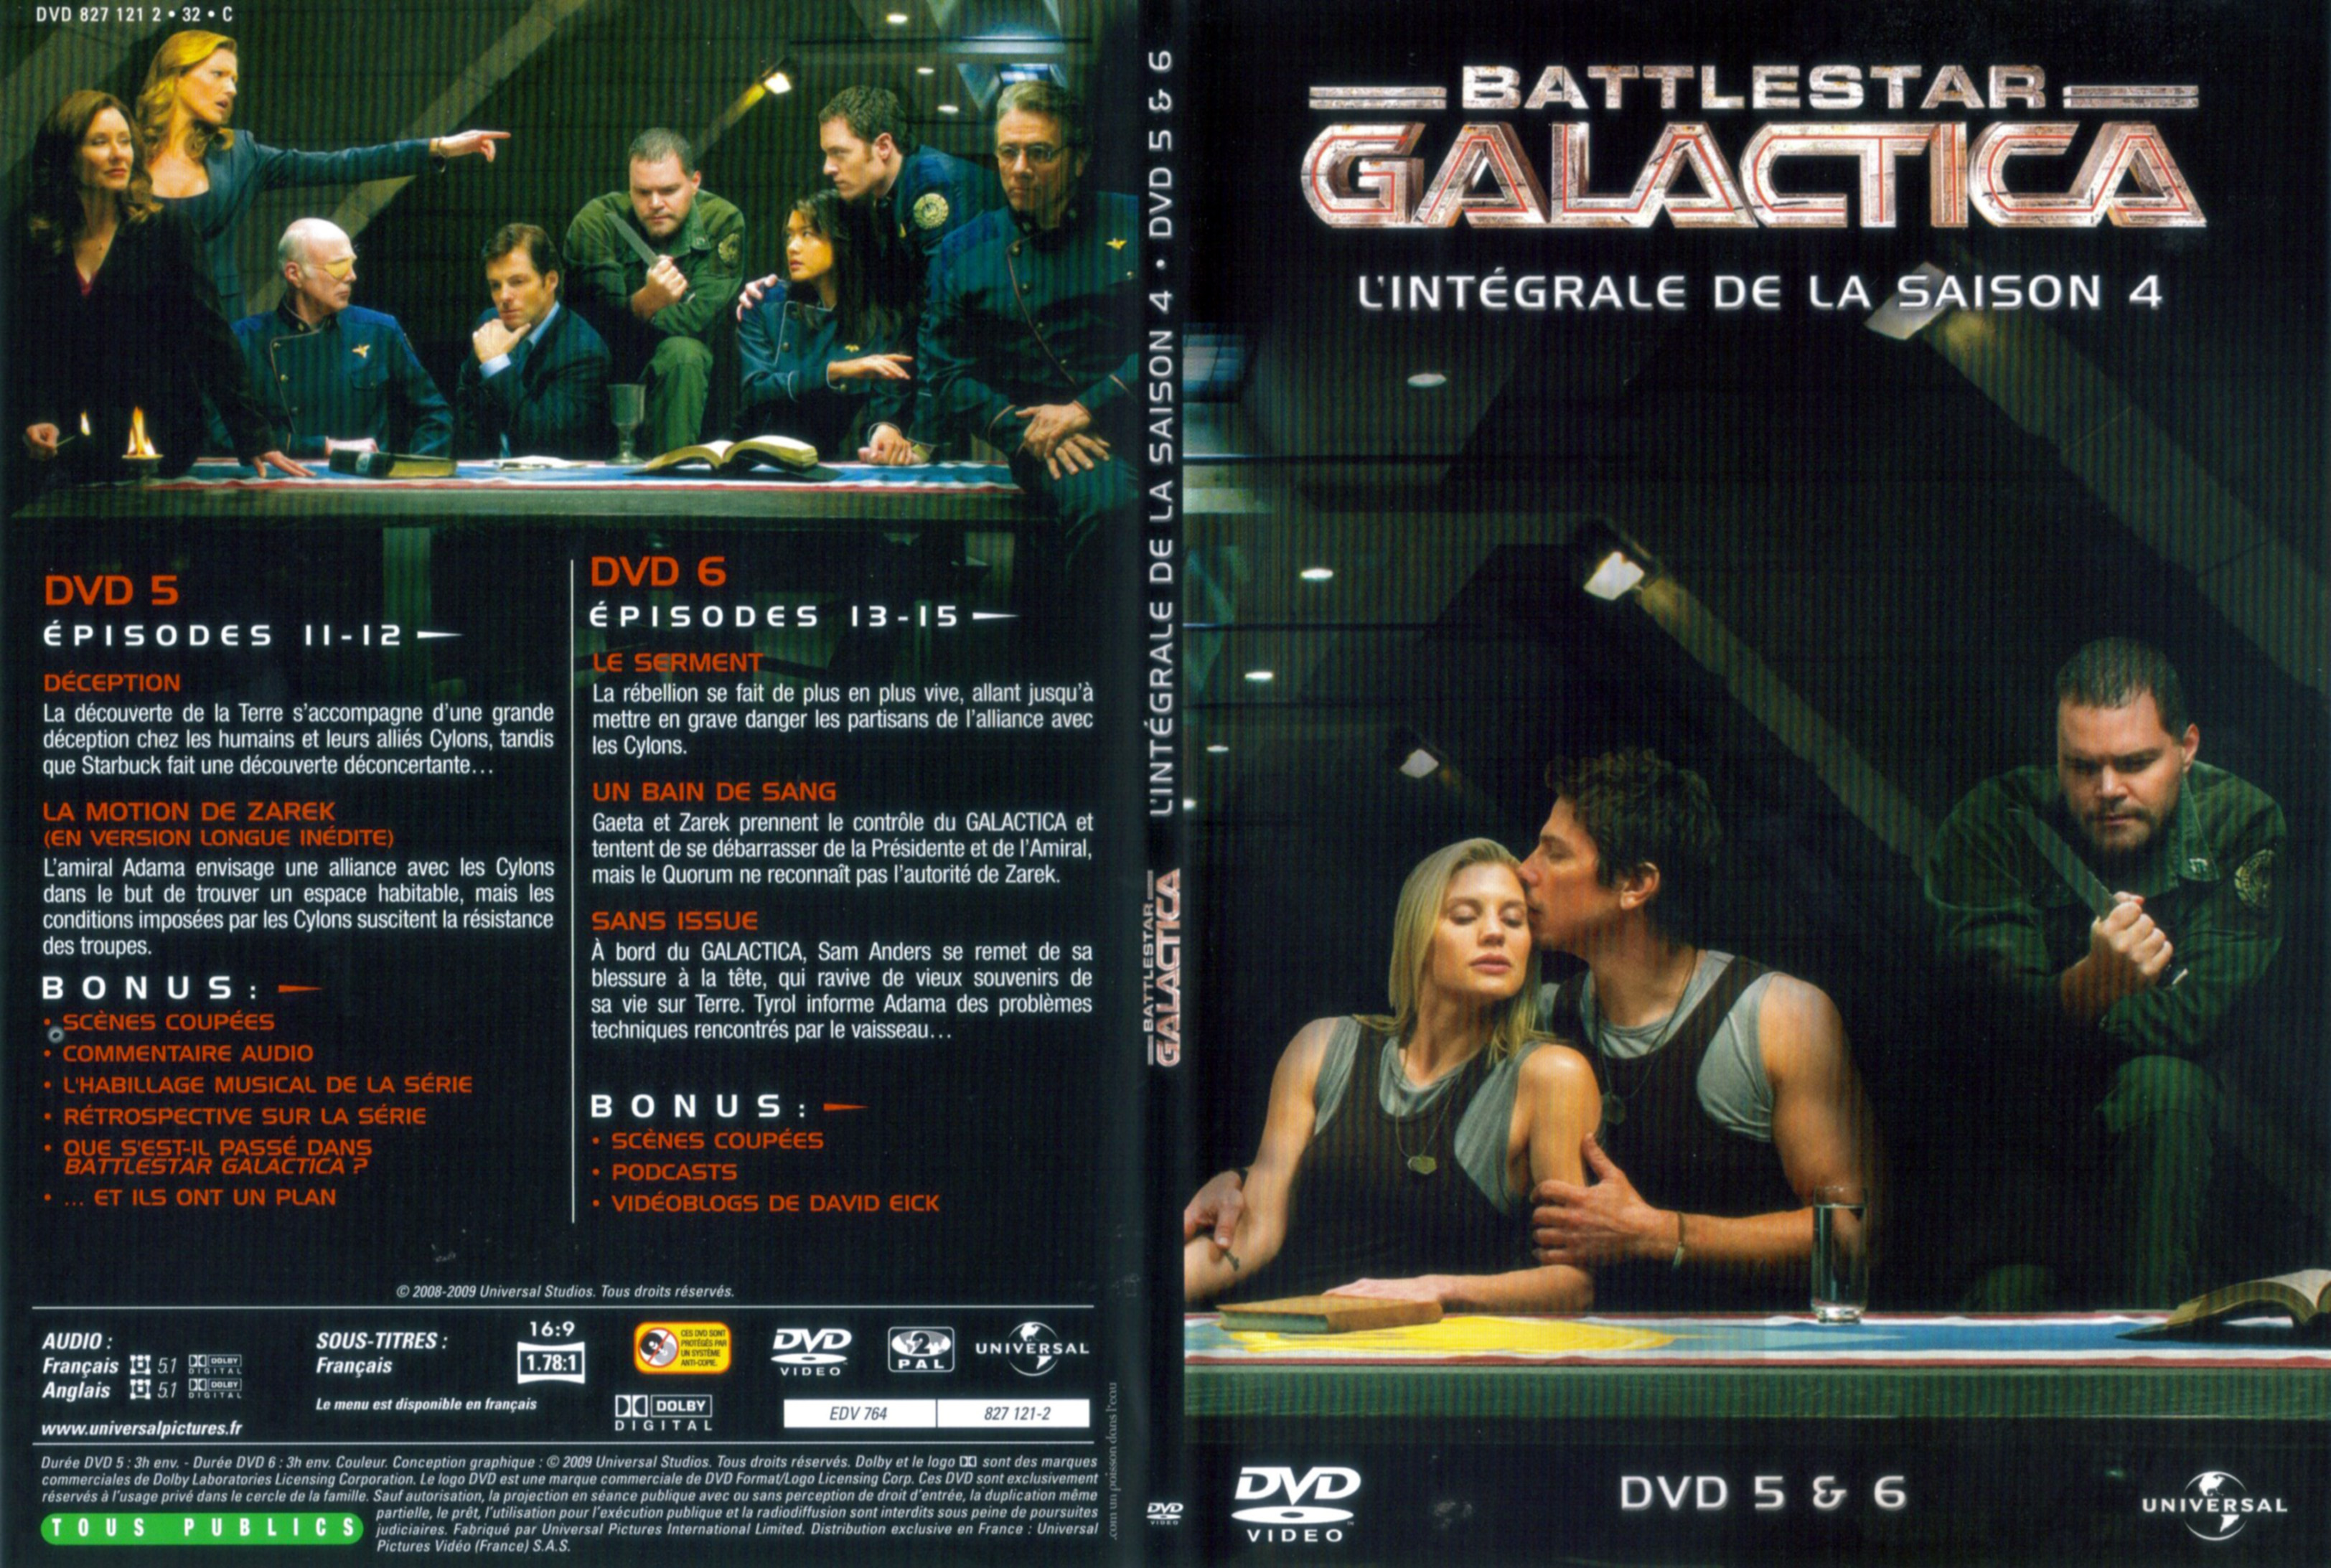 Jaquette DVD Battlestar Galactica Saison 4 DVD 3
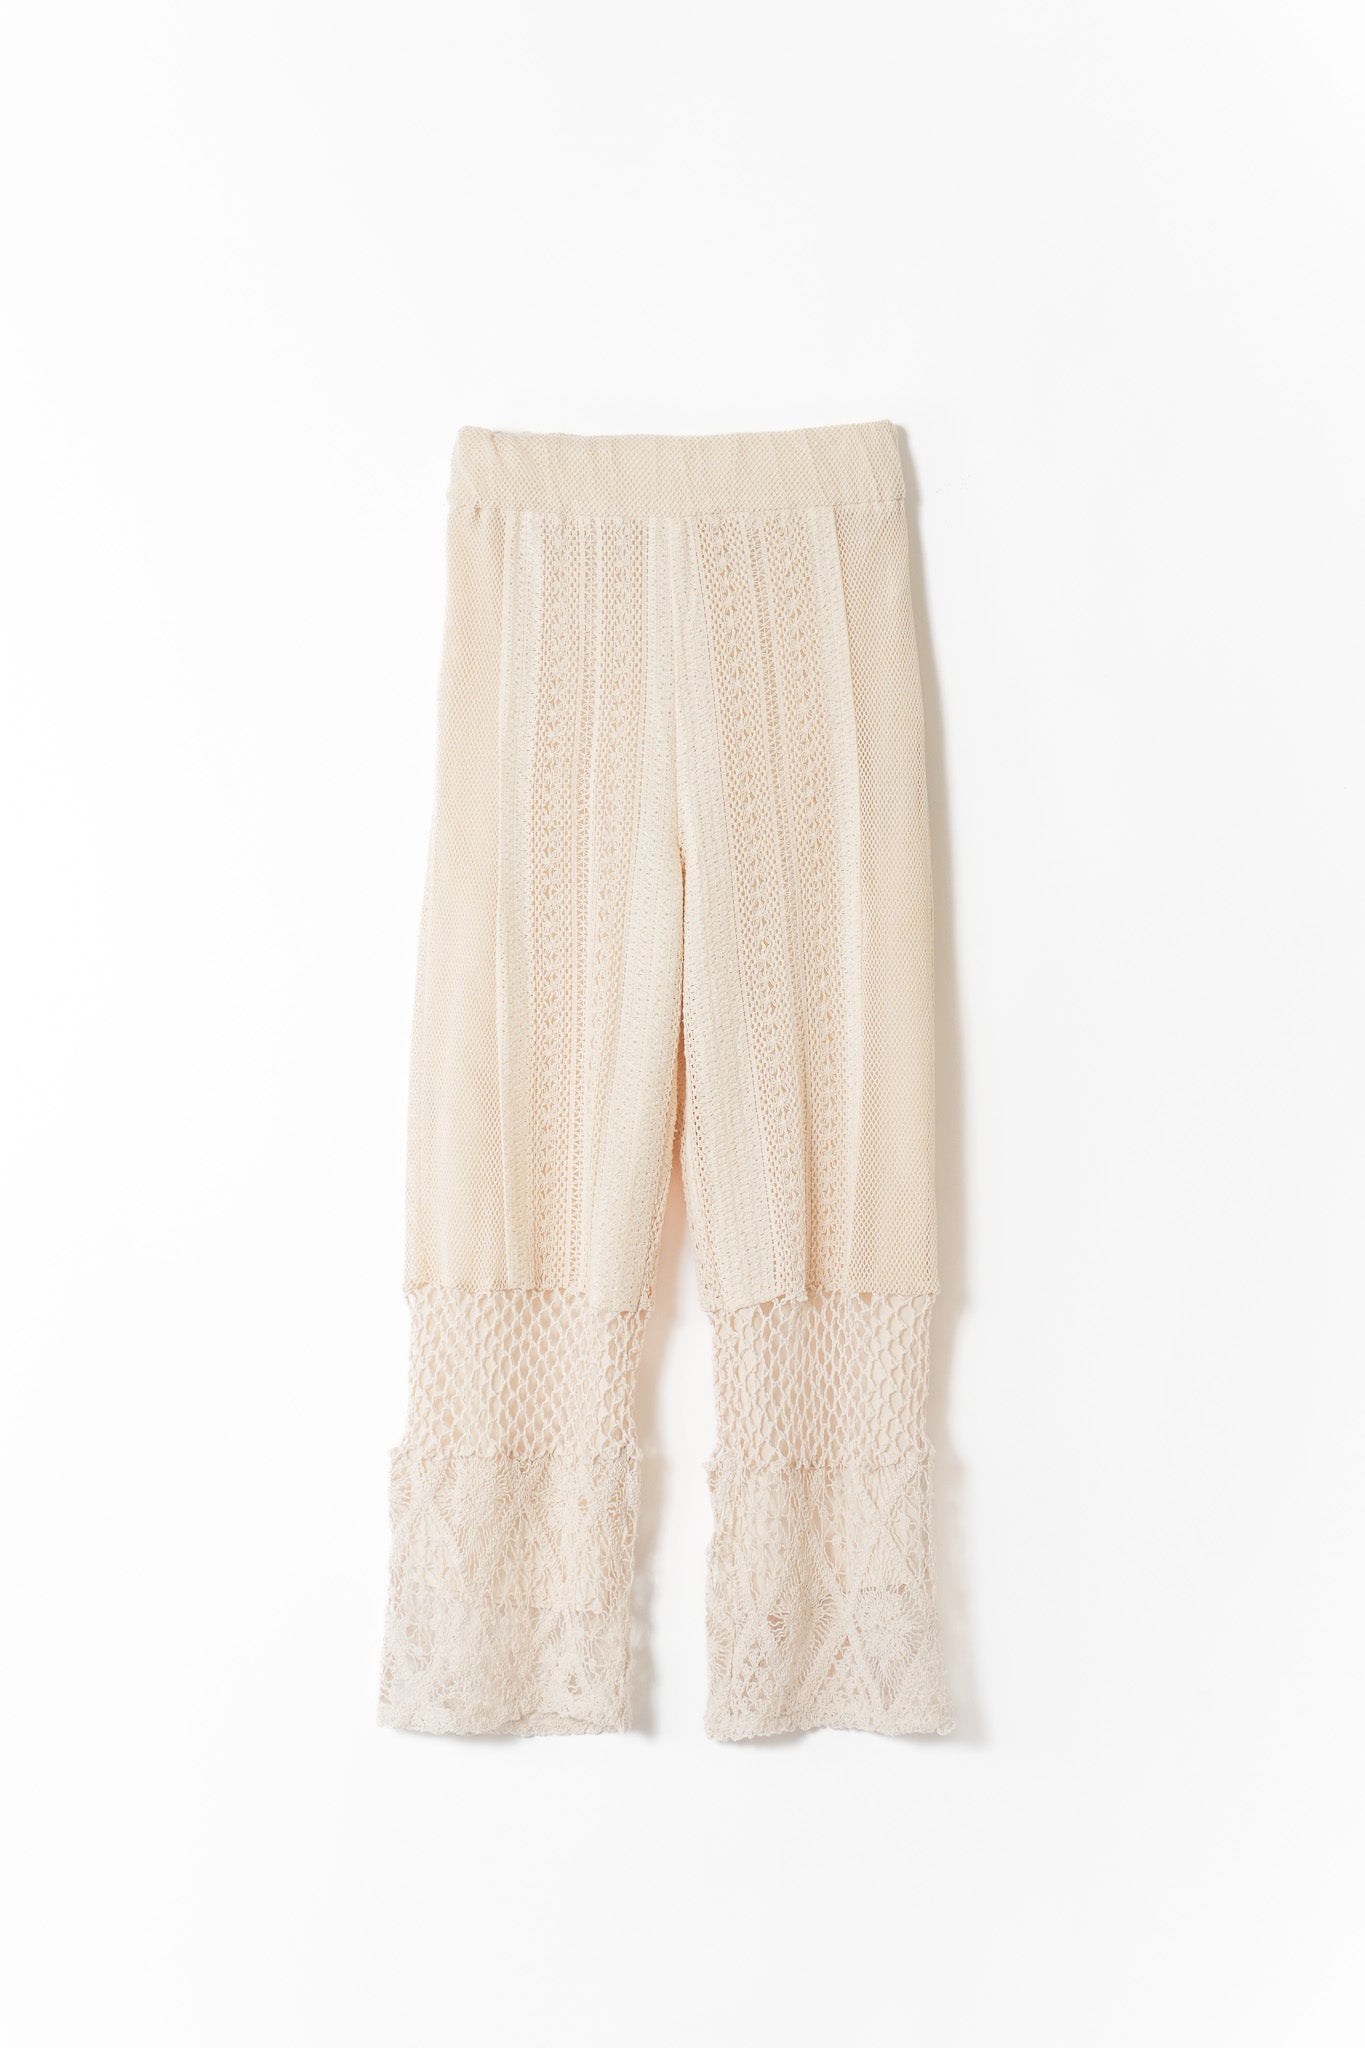 cotton lace patchwork pants
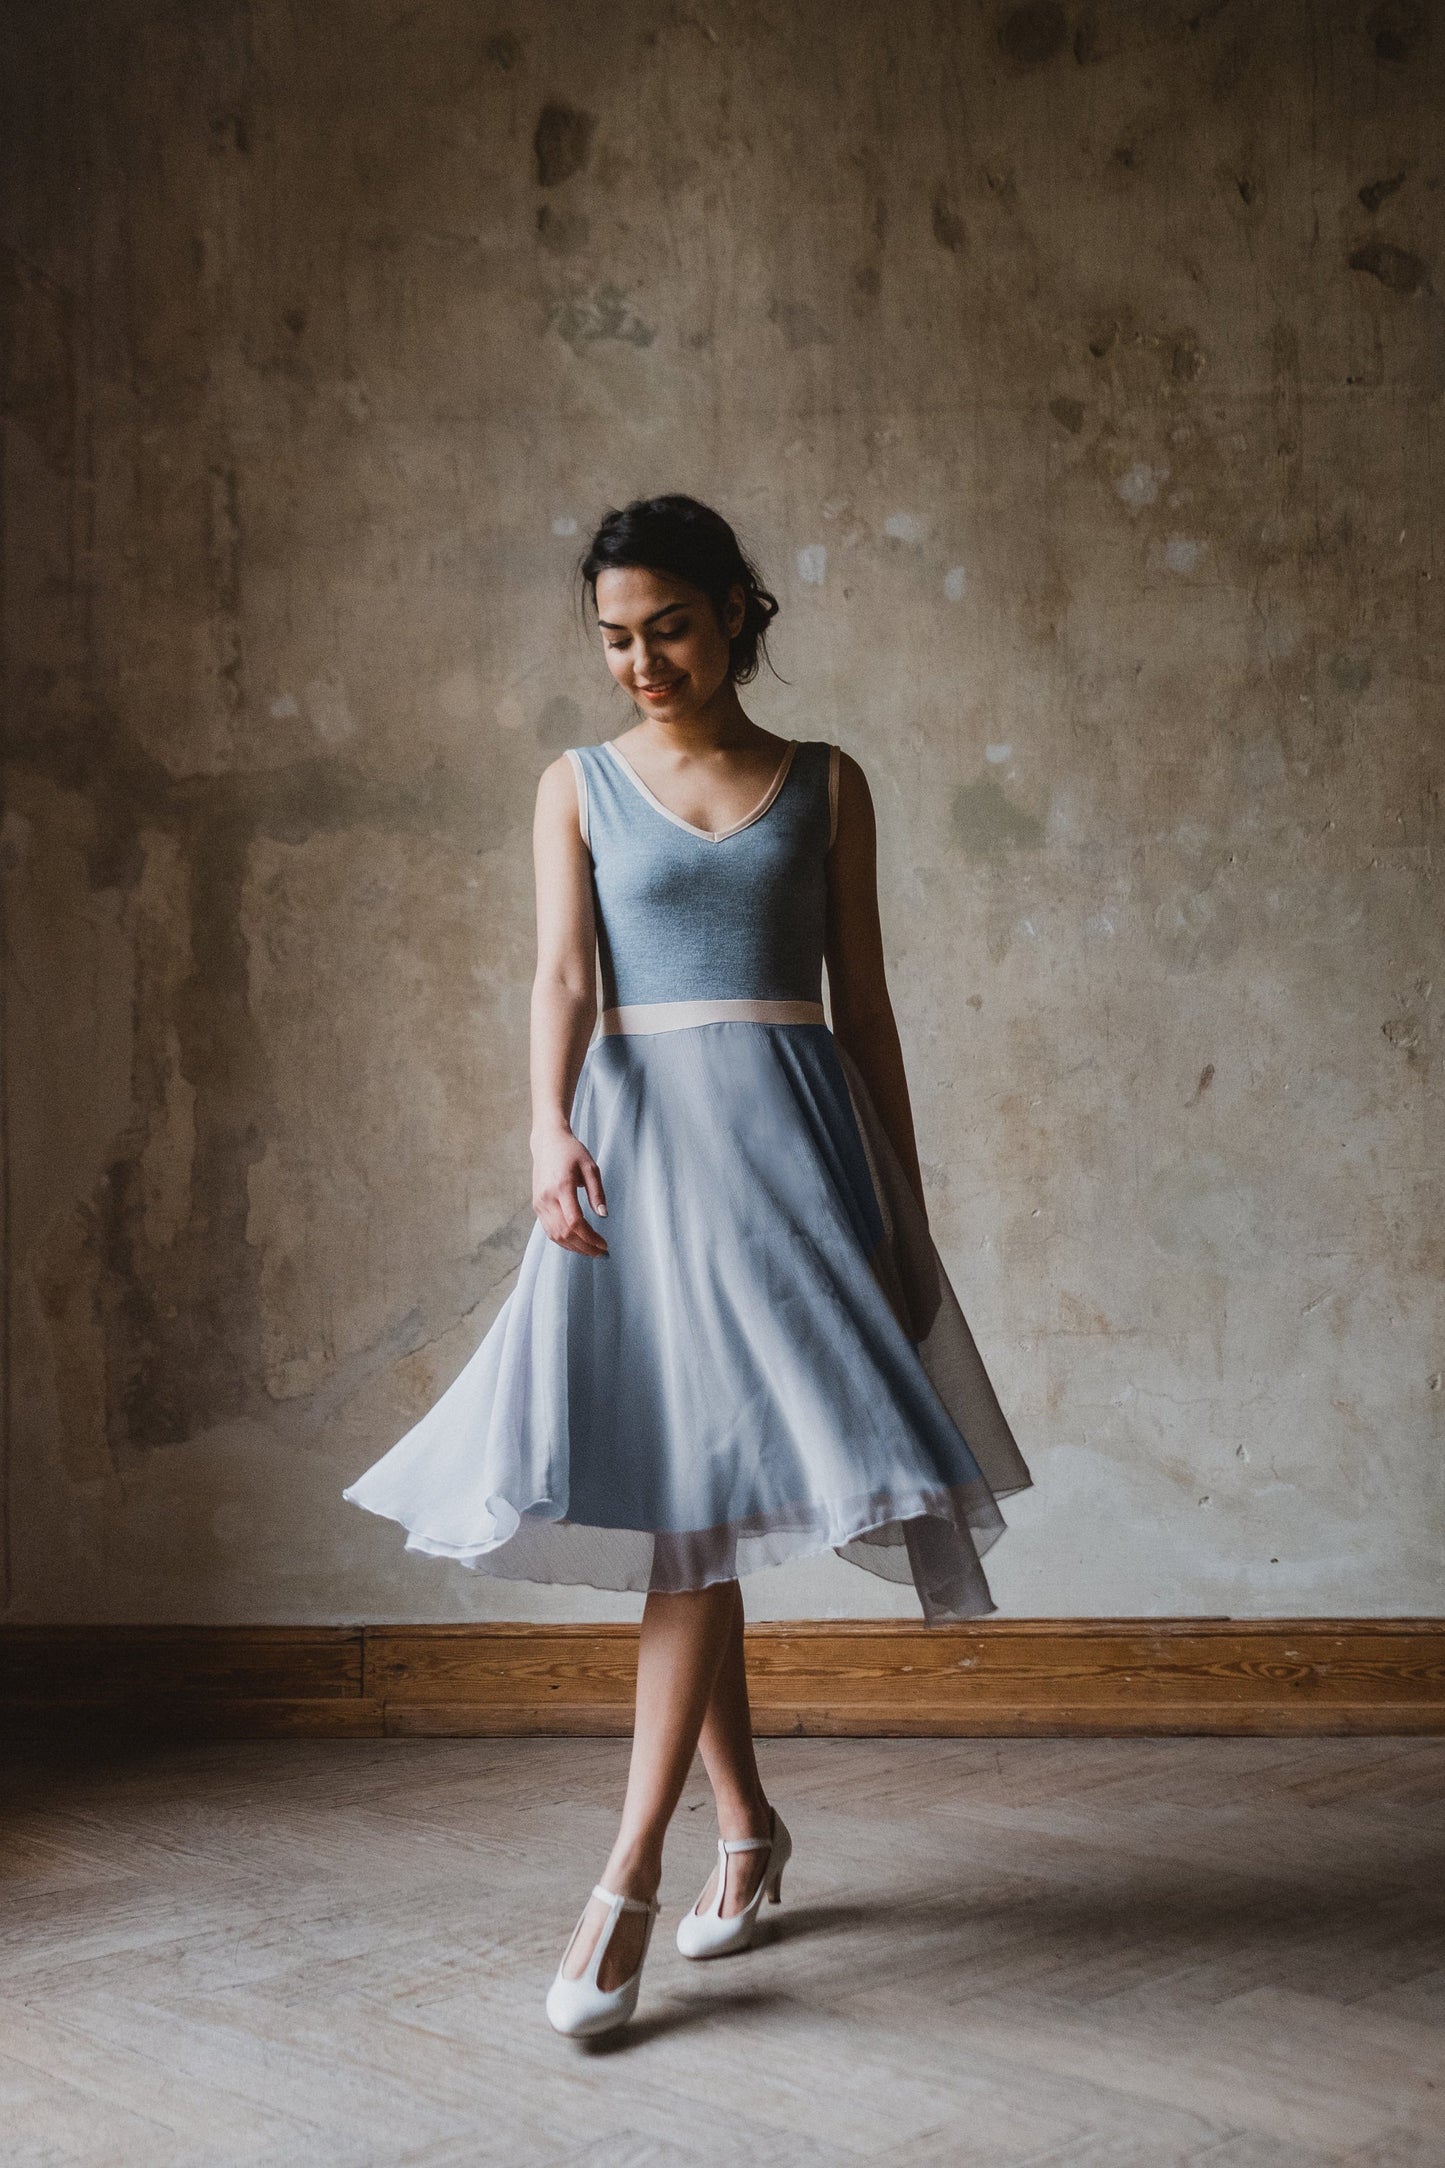 Wolkig leichtes Chiffon Kleid in pudrigem Graublau mit einem lässig, legerem Feinstrickoberteil
===============
→ **WHAT YOU ARE ASKED TO DO**: Starting with the line that holds "cotton lace patchwork pants", repeat exactly every line through the end of the material above, both ends included, without the pictures.

→ **RESULT BELOW**:
 cotton lace patchwork pants
 Wolkig leichtes Chiffon Kleid in pudrigem Graublau mit einem lässig, legerem Feinstrickoberteil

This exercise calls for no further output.